## YOUR GOAL
In the records below, find the line containing "Third, this position" and the line containing "[READING BOOK]-Learn Visual". Give again exactly those lines and every line between them, omitting the pictures.

*** RECORDS PROVIDED ***

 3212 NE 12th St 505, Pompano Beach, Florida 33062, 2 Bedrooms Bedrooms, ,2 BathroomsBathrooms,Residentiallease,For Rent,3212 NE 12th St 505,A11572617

*** End of RECORDS PROVIDED ***
*** RECORDS PROVIDED ***

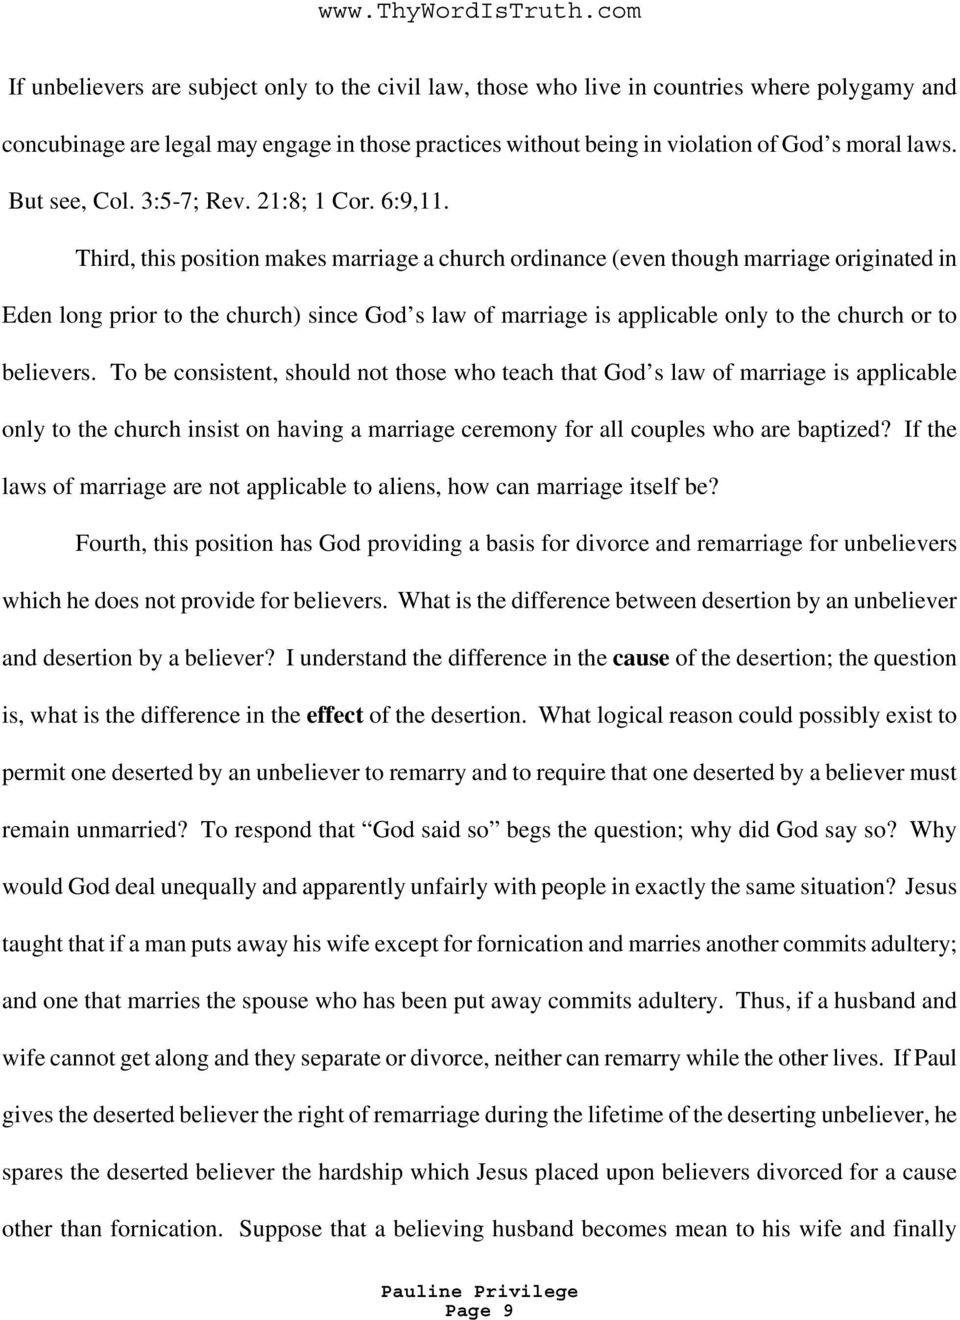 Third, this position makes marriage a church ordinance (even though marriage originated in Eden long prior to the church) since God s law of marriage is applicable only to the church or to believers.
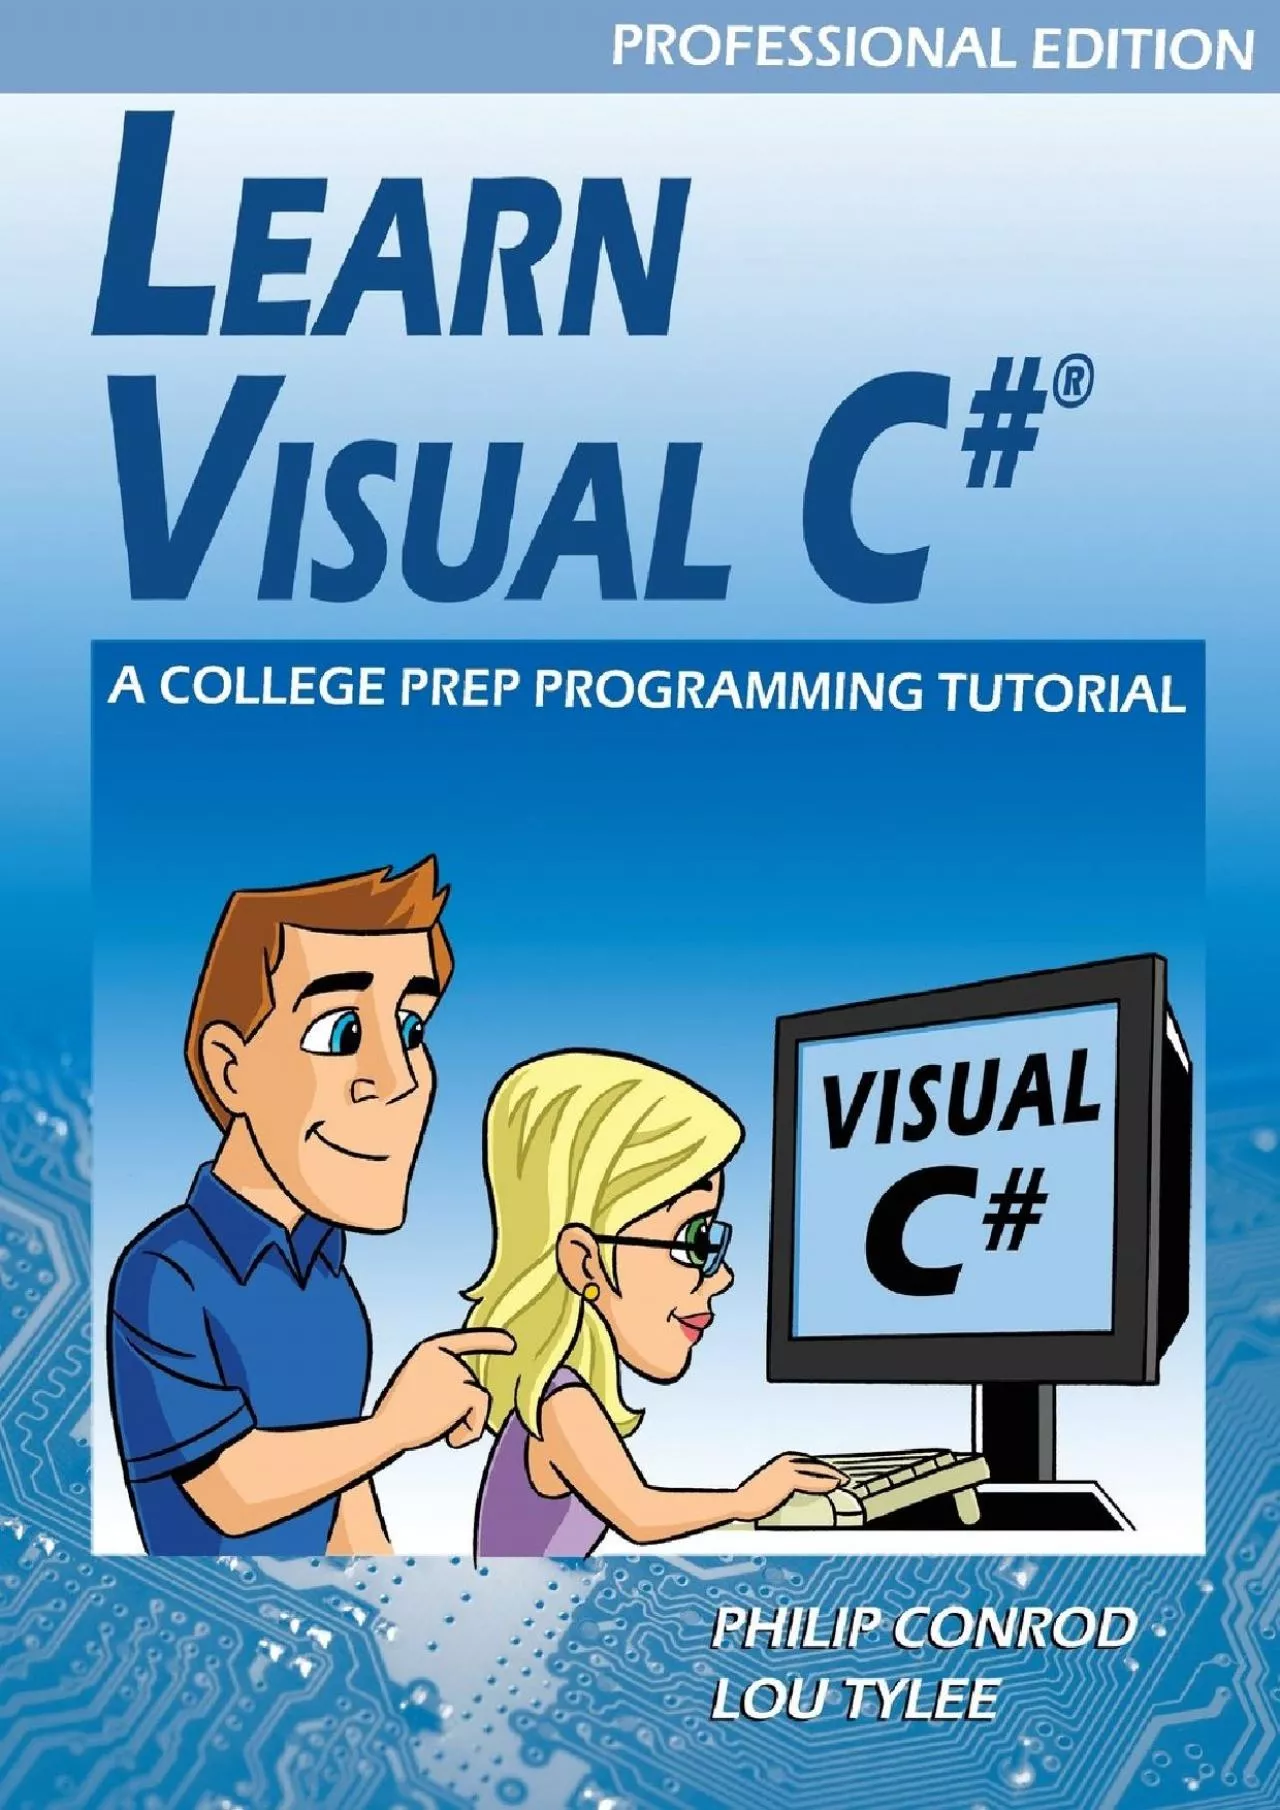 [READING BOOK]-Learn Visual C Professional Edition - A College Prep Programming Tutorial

*** End of RECORDS PROVIDED ***

## PROBLEM SOLUTION
 Third, this position makes marriage a church ordinance (even though marriage originated in Eden long prior to the church) since God s law of marriage is applicable only to the church or to believers.
 [READING BOOK]-Learn Visual C Professional Edition - A College Prep Programming Tutorial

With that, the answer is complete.